To demonstrate the reliability of our data regarding the frequency-specific activation with optoacoustic stimulation, we analyzed the correlation between the measured BF and the target modulated frequency (LMR) at the optical threshold. Across 12 animals (Fig. 6a), an almost linear mapping from the optical LMR to the acoustic BF of the best activated channel, could be observed. The calculated Pearson correlation analyses for 32 kHz LPR and 50 kHz LPR were significant with a strong positive effect between the BF at threshold and the LMR (p < 0.001, r = 0.958 for 32 kHz; p < 0.001, r = 0.987 for 50 kHz; Fig. 6a).

Figure 6
figure 6

Neural recording results – pooled. (a) A linear mapping was demonstrated between the best frequency (BF) at threshold for the most activated site and the LMR in response to optical stimulation at the umbo (32 kHz LPR and 50 kHz LPR). There was strong positive correlation between the two variables LMR and BF at threshold for 32 kHz LPR (p < 0.001, r = 0.958) and 50 kHz LPR (p < 0.001, r = 0.987). (b) Comparison of the data recorded at the umbo with the two additional stimulation sites (the round window membrane and the otic capsule) at 50 kHz LPR. The correlation between the two variables LMR and BF at threshold was calculated (p < 0.001, r = 0.983 at the round window membrane and p < 0.001, r = 0.994 at the otic capsule) (n = 4). The optical threshold in peak power at the umbo is displayed for 32 kHz LPR in (c) and for 50 kHz LPR in (d). The equivalent levels for acoustic stimulation with pure tones in comparison to optical stimulation with 80 mW, using the same frequency as the LMR, is plotted for the different LMR-LPR combinations in (e). The data demonstrated mean levels between 34.6 dB SPL (10 kHz LMR, 32 kHz LPR) and 47.8 dB SPL (1 kHz LMR, 50 kHz LPR).

The optical thresholds were also determined from the PSTH data. Depending on the auditory sensitivity of each animal we observed some variability in the power threshold levels across the tested LMRs, particularly for the 32 kHz LPR (Fig. 6c,d), suggesting that a higher LPR may be more reliable for future implementation.

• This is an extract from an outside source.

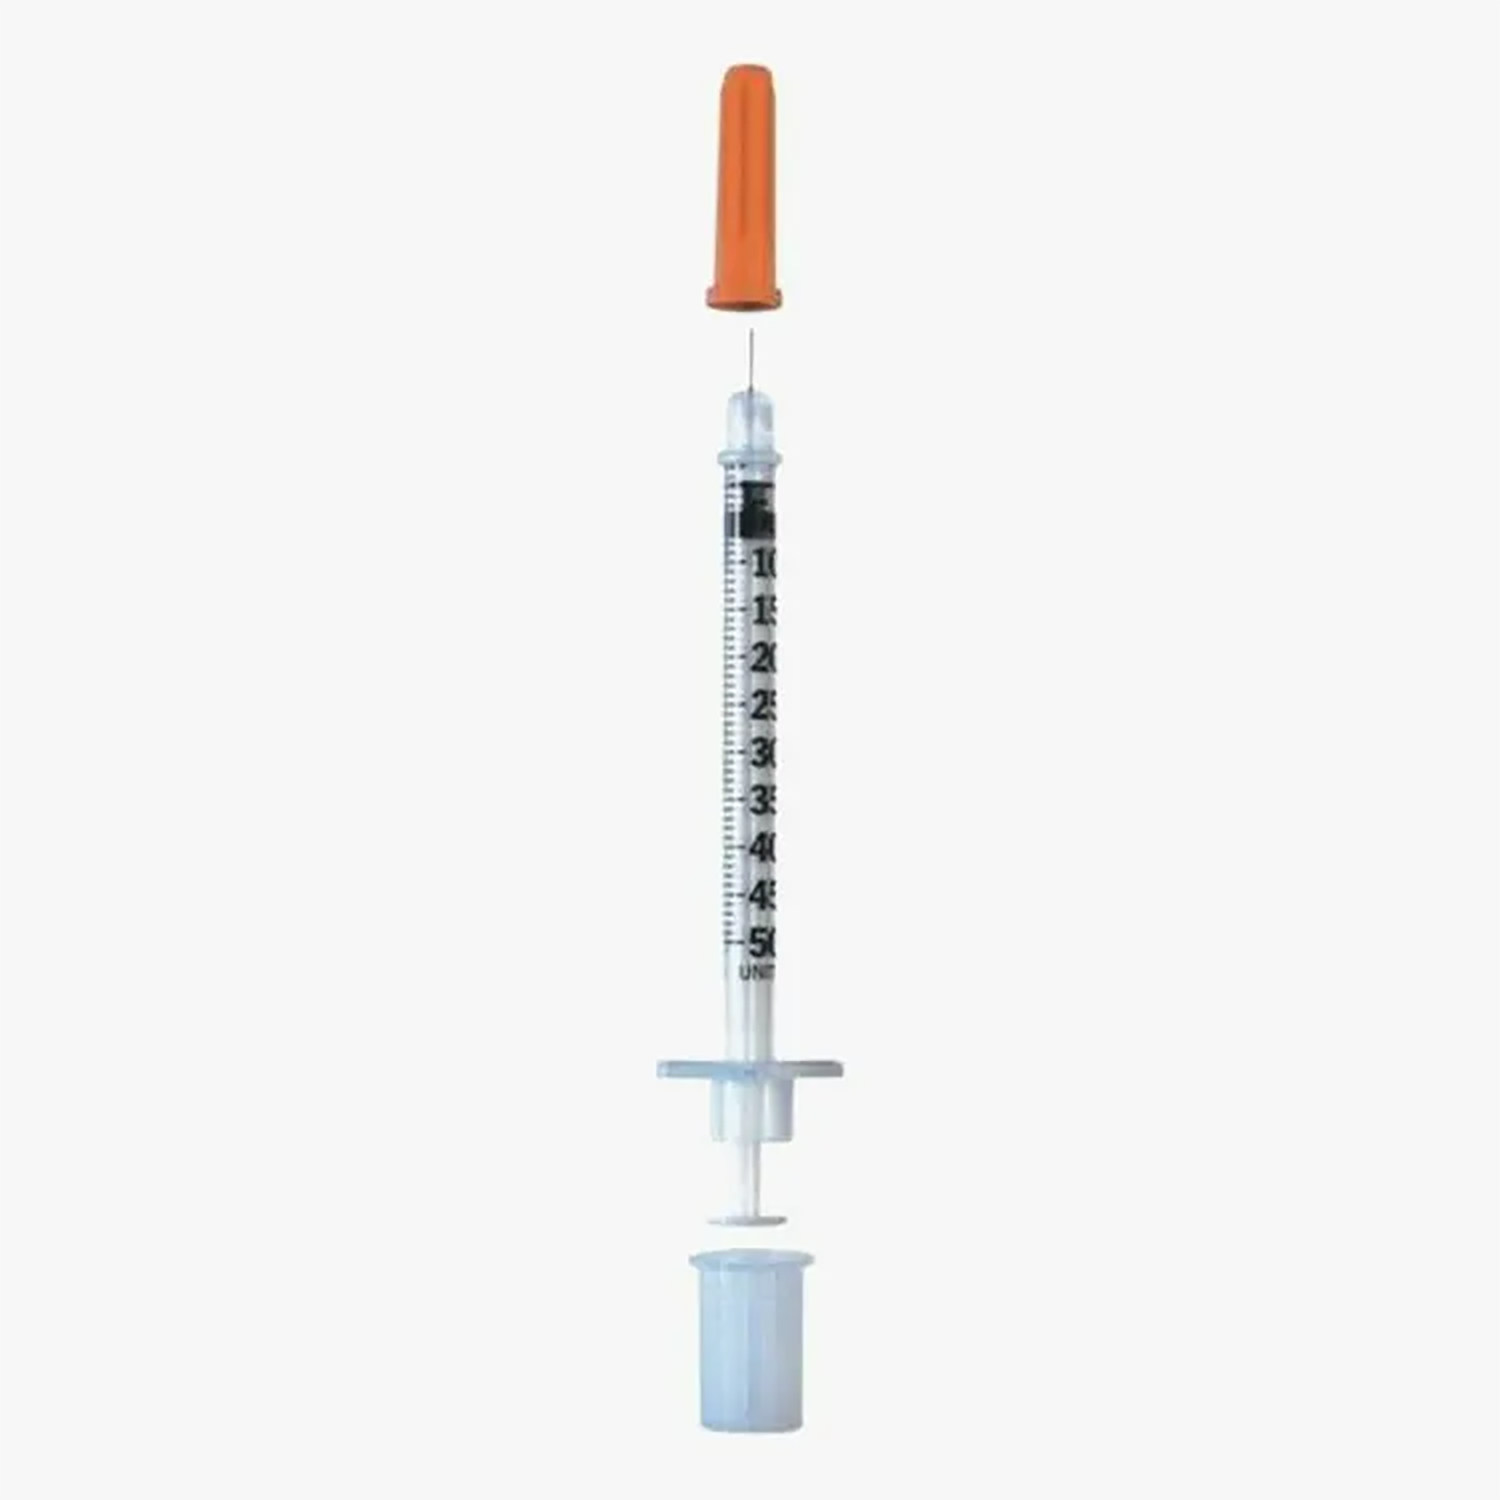 BD Microfine Insulin Syringe | 30G x 0.5ml | Short | Pack of 200

Additionally, our data demonstrated that laser pulse stimulation with 32 kHz LPR (Fig. 6c) required higher power levels than with 50 kHz LPR (Fig. 6d), suggesting the use of higher LPRs may enable safer levels of stimulation in addition to greater reliability of activation (for acoustic control conditions, see Supplementary Fig. S3).

In order to provide an estimate of the acoustic level equivalent for optical stimulation, we analyzed the equivalent acoustic sound pressure level (air conduction) that is comparable to optical stimulation with each LPR-LMR combination at 80 mW (Fig. 6e). The maximal DSR was achieved for 1 kHz LMR and 50 kHz LPR resulting in an acoustic SPL equivalent of 47.8 dB (+−4.7 dB SE).

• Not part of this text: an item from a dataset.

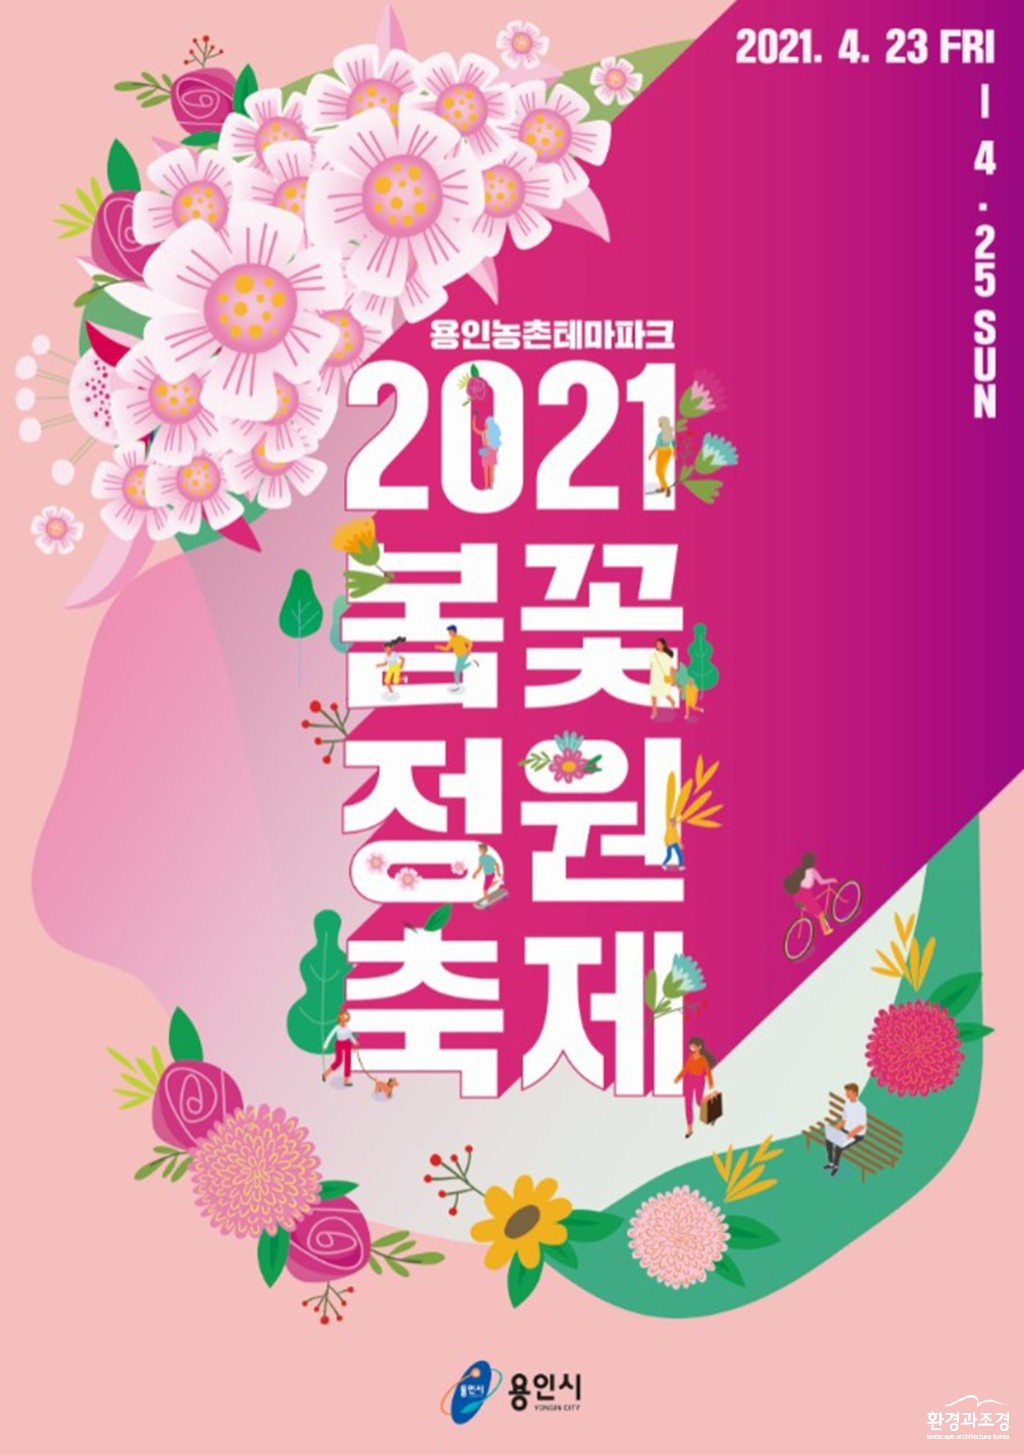 210412_23_25일 농촌테마파크서 ‘봄꽃 정원 축제’ 개최_포스터 보도.jpg

Frequency-specific activation for laser stimulation of middle ear structures measured in the ICC

A further advantage of our laser pulse amplitude modulation paradigm is its wide applicability for vibrating different structures in the peripheral auditory system, including the ear drum and structures within the middle ear without needing to be anchored onto or in direct contact with those targeted vibratory structures. Consistent with the results for stimulation at the umbo (ear drum), the applied LMR correlated with the activated BF channels of our ICC electrode for the stimulation at the round window (at the basal end of the cochlea, Fig. 5c) and for stimulation at the otic capsule (the bony encasement of the cochlea, Fig. 5d), in which both locations were accessible in the bulla (middle ear in rodents). Encouragingly, the BF at threshold plotted versus the LMR demonstrated a strong positive linear correlation for stimulation at the round window (p < 0.001, r = 0.983, Fig. 6b-circles) and at the otic capsule (p < 0.001, r = 0.994, Fig. 6b-diamonds), similar to what was observed for stimulation of the umbo (Fig. 6b in same animals, consistent with Fig. 6a from different animals). These results confirm our hypotheses that optoacoustic frequency-specific activation is also possible by presenting laser pulse stimulation to different middle ear structures.

Discussions

There are about 360 million people worldwide suffering from disabling hearing impairment with at least moderate hearing loss in the better hearing ear, and 32 million of these people are children. This number is rising due to a growing global population and longer life expectancies as well as the increasing noise exposure from the environment, at the workplace and through recreational activities31. Although technical and scientific progress has improved the performance level of conventional hearing devices, there are still many hearing impaired people who need alternative hearing solutions. For example, patients with hearing aids struggle in noisy environments and many patients are unable to amplify the sound inputs sufficiently to activate enough frequency bands of information without acoustic feedback distortion, especially those who cannot occlude their ear with an earpiece due to discomfort or inflammation3. Middle ear implants and partial implantable bone conduction devices could provide greater amplification for certain hearing-impaired patients without requiring ear occlusion. However, these devices require surgery and anchoring of device components to specific structures. This anchoring as well as the targeted structure can suffer from recurrent inflammation disturbing its vibratory function and/or making device attachment difficult in some patients12. Therefore, laser stimulation could serve as a new type of stimulation modality that could potentially enable greater hearing performance across a wider patient population by offering a non-contact vibratory input with minimal or no acoustic feedback issues.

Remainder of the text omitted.